Mutations of Tyr994, absolutely conserved among clostridial CBDs, showed the greatest influence on collagen binding. Loss of the tyrosine hydroxyl group in Y994F decreased activity by ∼12-fold, while removal of the aromatic side chain in Y994A reduced activity to immeasurable levels. Since the triple-helical peptides (Pro-Hyp-Gly)8 and (Pro-Pro-Gly)8 bind tightly to CBD, the hydroxyl group of the Tyr994 is likely to be hydrogen binding to the main-chain atoms rather than to the hydroxyl group of Hyp as expected for a protein–collagen complex (Perona et al., 1997). Mutagenesis has allowed identification of Tyr994 as the ‘hot-spot’ for the protein– protein interface. According to Bogan and Thorn (1998), the protein–protein interface hot-spot is composed of a small set of important residues often enriched in tryptophan, tyrosine and arginine surrounded by energetically less important residues. Alanine mutations of less important residues whose role is to occlude bulk solvent from the hot-spot often do not significantly affect binding.

Of the three residues shown to increase collagen-binding activity upon mutation, only Arg929 is a surface residue. In holo-CBD Arg929 adopts one of the two orientations found in the apo-CBD structure, and mutation to alanine may reduce unfavorable interactions with collagen due to reduced functional group rotational freedom and steric hindrance. For the non-conserved core-oriented residue Phe952, the mutation to alanine most likely rearranges core packing by giving neighboring Lys948 and Lys995 more room. The weakly conserved Val978 is also core oriented, and the V978A mutation probably improves packing.

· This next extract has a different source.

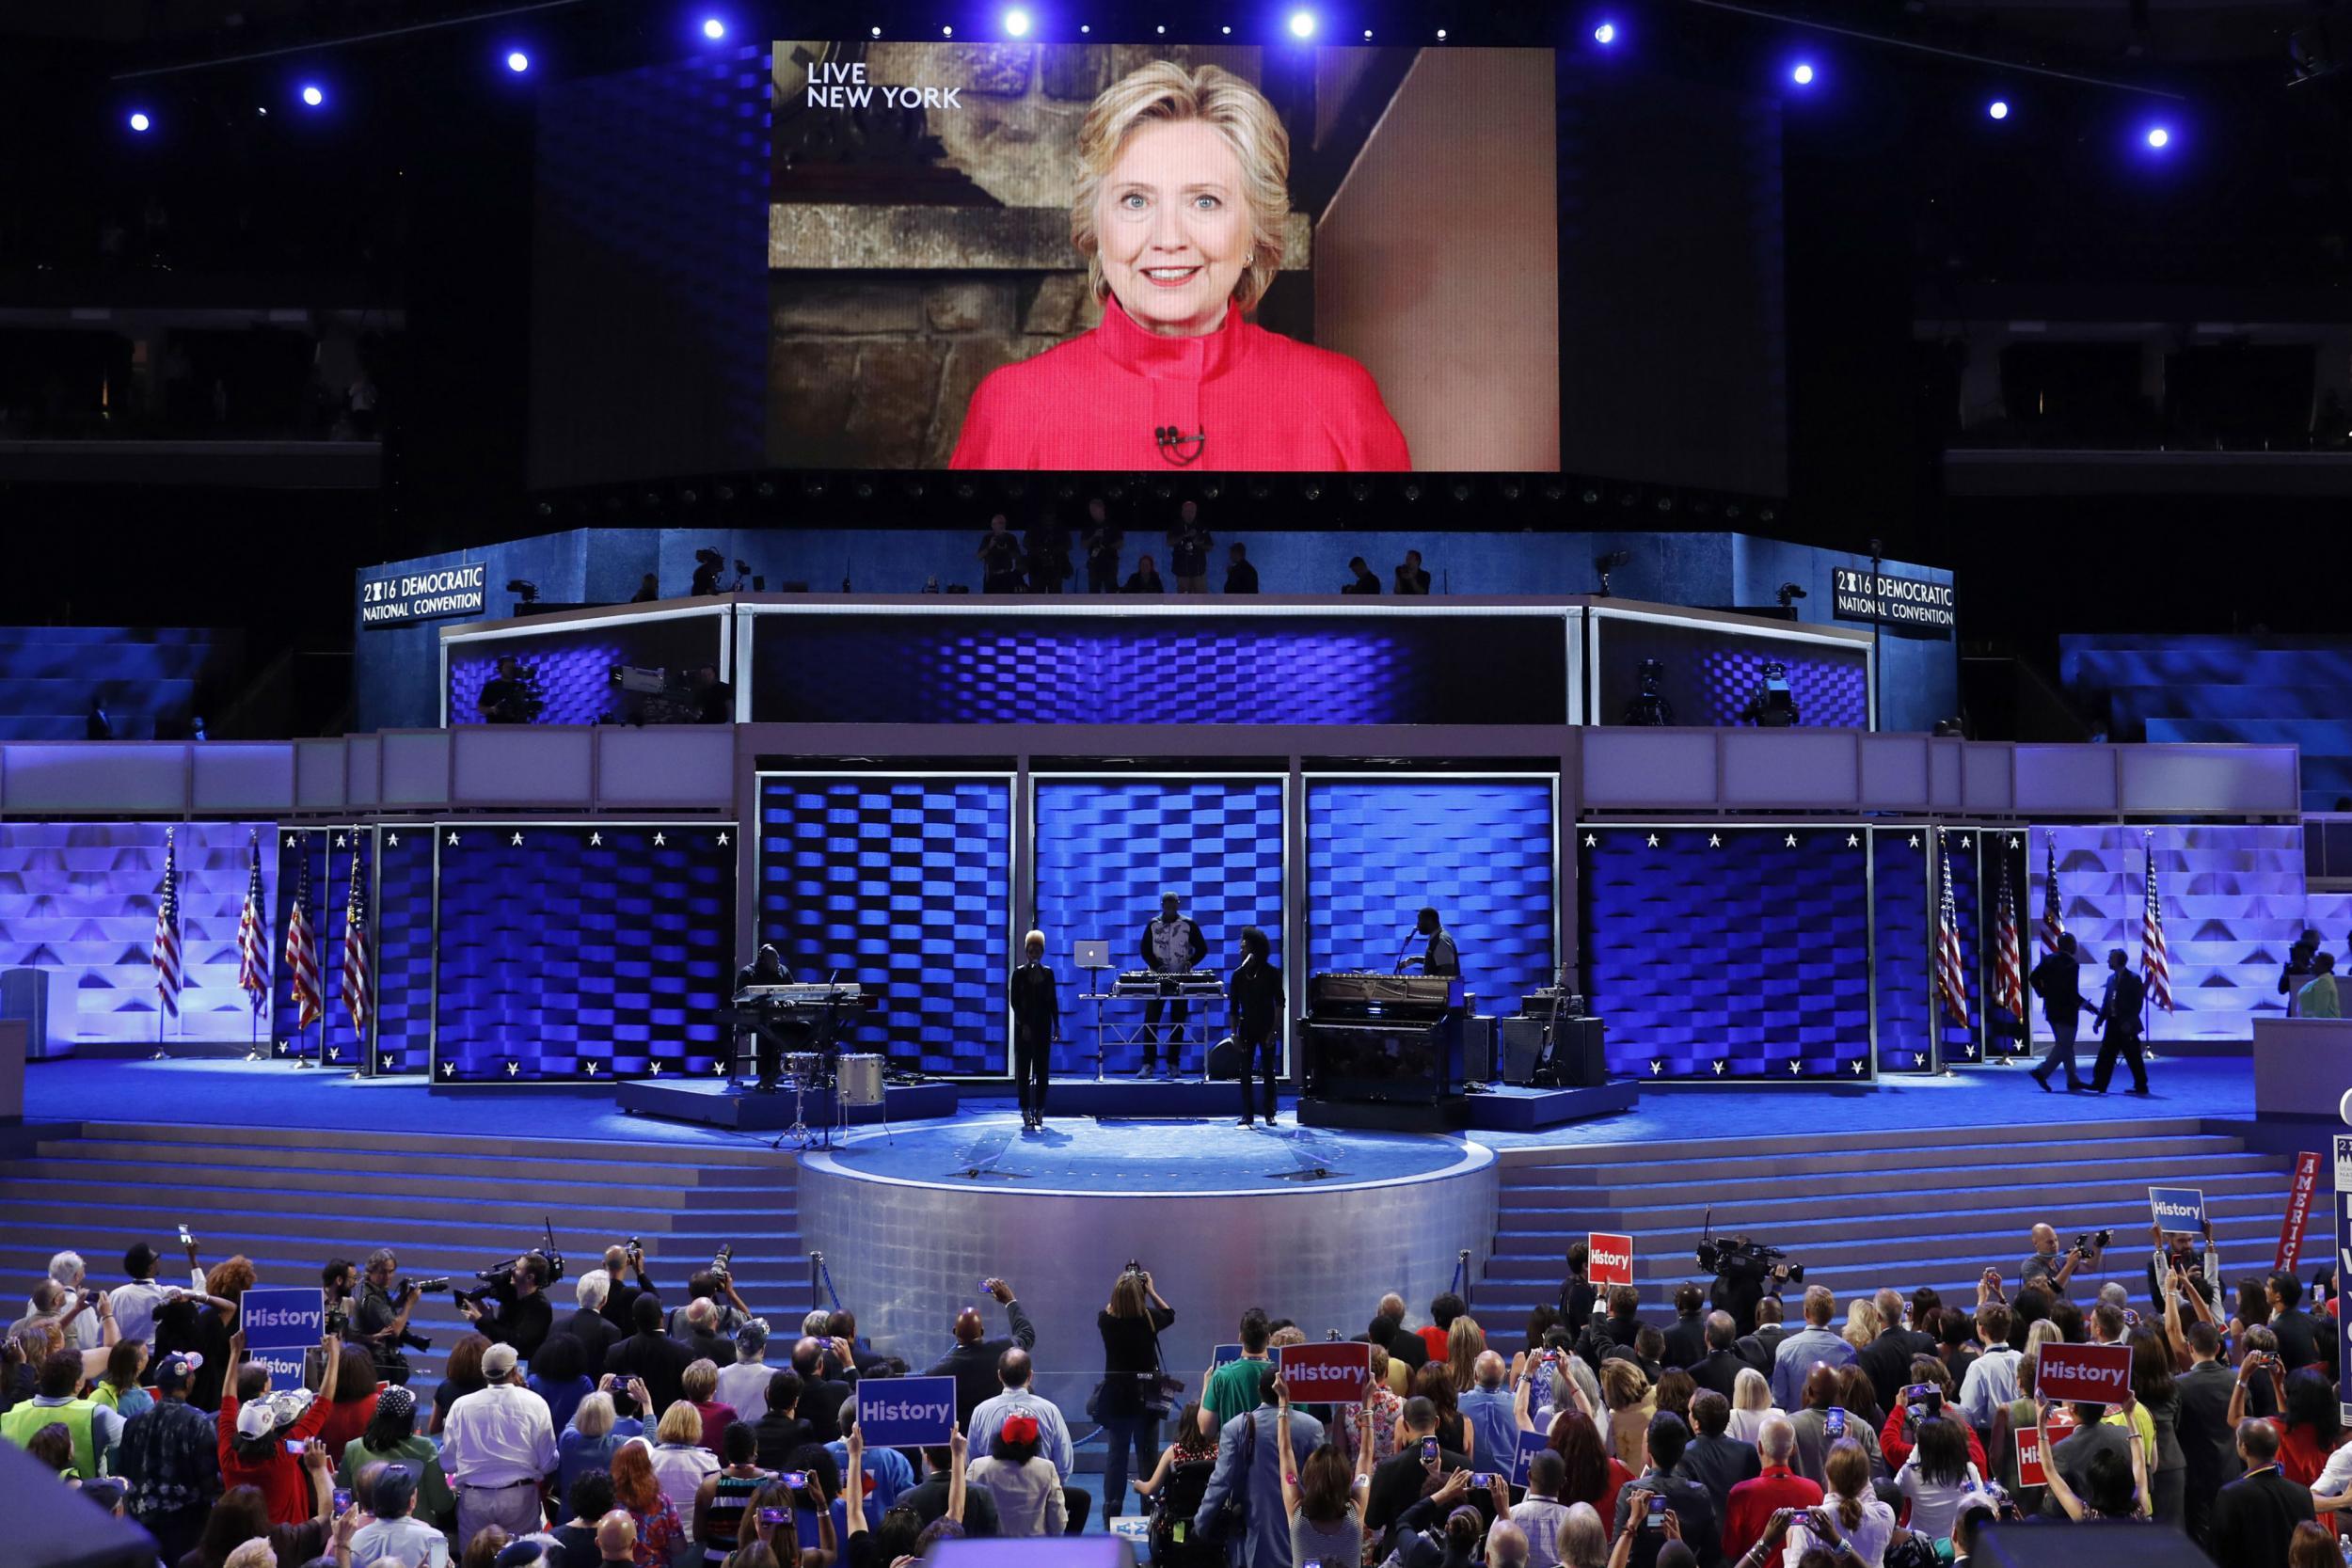 Hillary Clinton crashes the party by video link
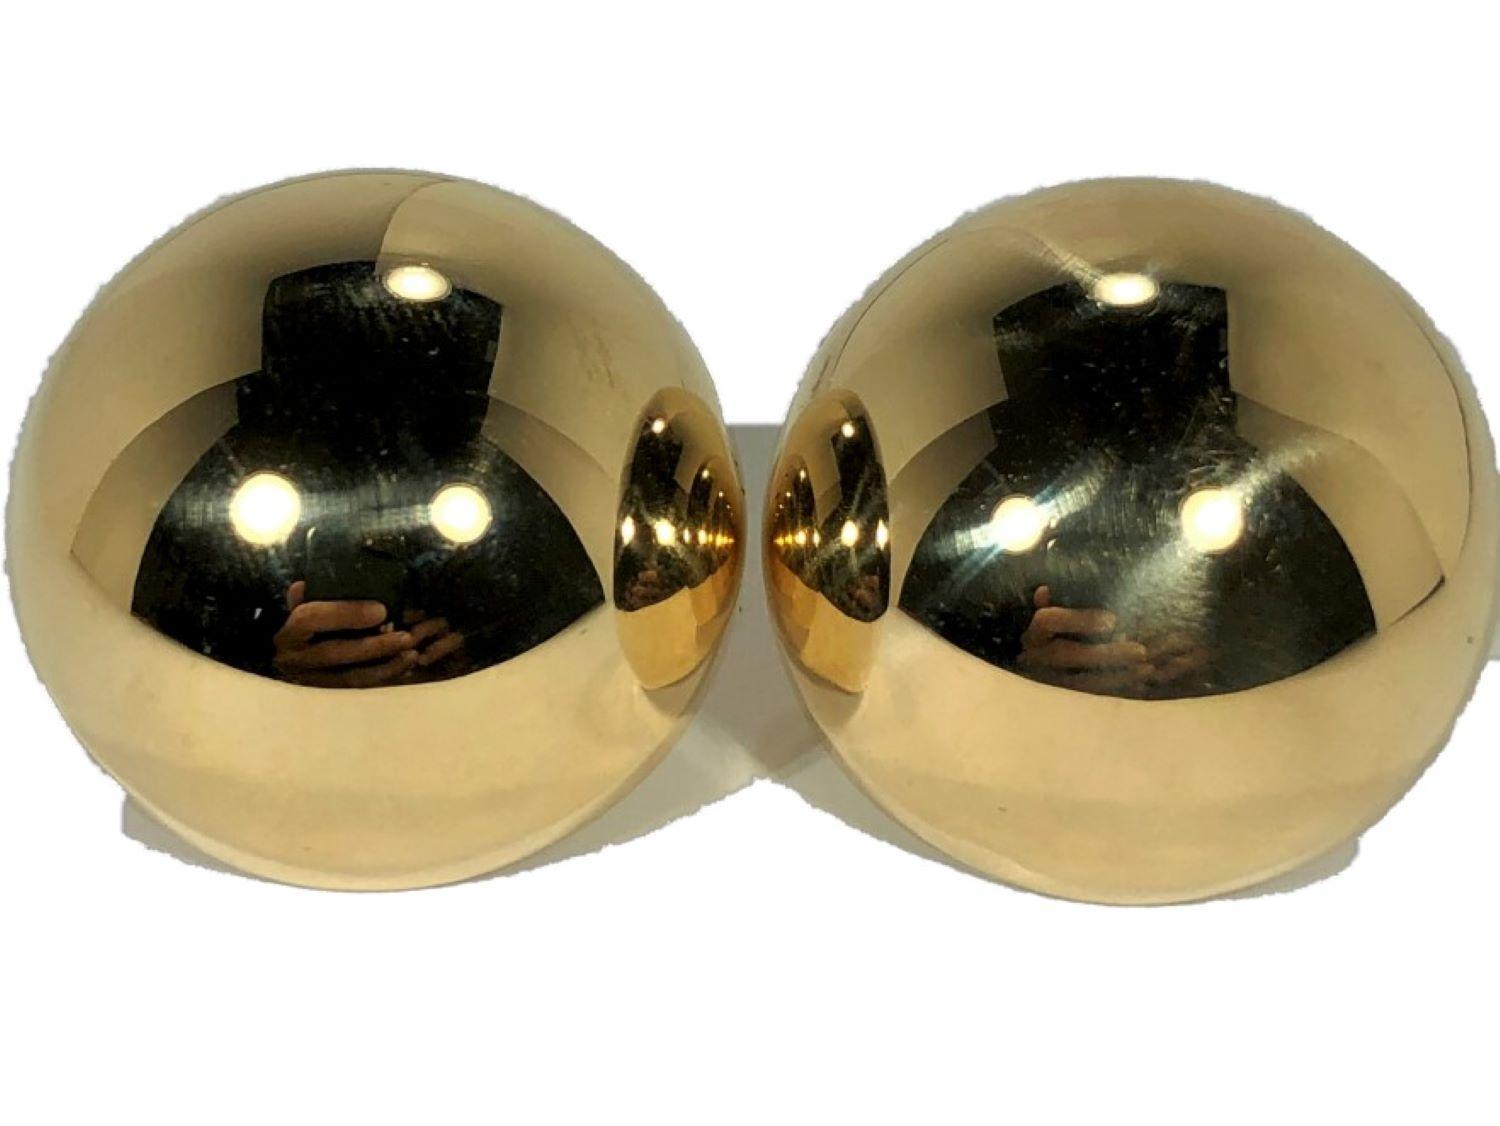 These extra large, vintage, 14k yellow gold dome earrings are similar to other earrings of this style with one notable exception. They are enormous, measuring a full 1 1/4 inches in diameter and 3/4 inches high at their apex. High polish finish.

Protein docking was used to predict possible orientations of collagen across CBD. A model tri-peptide (PPG)6 was created and docked to holo-CBD. The solutions were filtered to select binding models consistent with the five key residues known to interact with collagen. Of the top ten solutions, the highest scoring orientation appeared eight times with only slight variations (Figure 8B). Another of the top ten solutions placed the collagen molecule in the opposite direction from the major solution (Figure 8C). The final orientation among the top ten allowed collagen to interact with His959 in a skewed orientation (Figure 8D). When the collagen mimic was docked to the apo-CBD structure, six of the top twenty solutions placed collagen in an orientation similar to that in Figure 8D with the collagen triple helix terminating into the protein’s α-helix. For apo-CBD the orientations in Figure 8B and C were observed eight and six times, respectively. Unfortunately, the calculation cannot take into account a possible contribution from bridging H2O nor the flexibility of the N-terminus in the absence of calcium.

Other collagen-binding proteins

CBD shares no sequence or structural homology to any eukaryotic collagen-binding proteins. For wound repair, both the inserted domain from multiple integrin α-chains (α1, α2, α10 and α11) and the homologous von Willebrand Factor (vWF) A3 domain adopt a ‘dinucleotide-binding’ fold (Emsley et al., 1997, 1998, 2000; Huizinga et al., 1997; Legge et al., 2000). The integrin α-I domain proteins contain a collagen-binding edge with a metal ion-dependent adhesion site (MIDAS) motif on the top face (Emsley et al., 2000). Tertiary structural changes upon the change of metal coordination aid collagen-binding activity and extend to the far side of the domain. vWF also binds collagen but lacks the MIDAS motif found in integrin.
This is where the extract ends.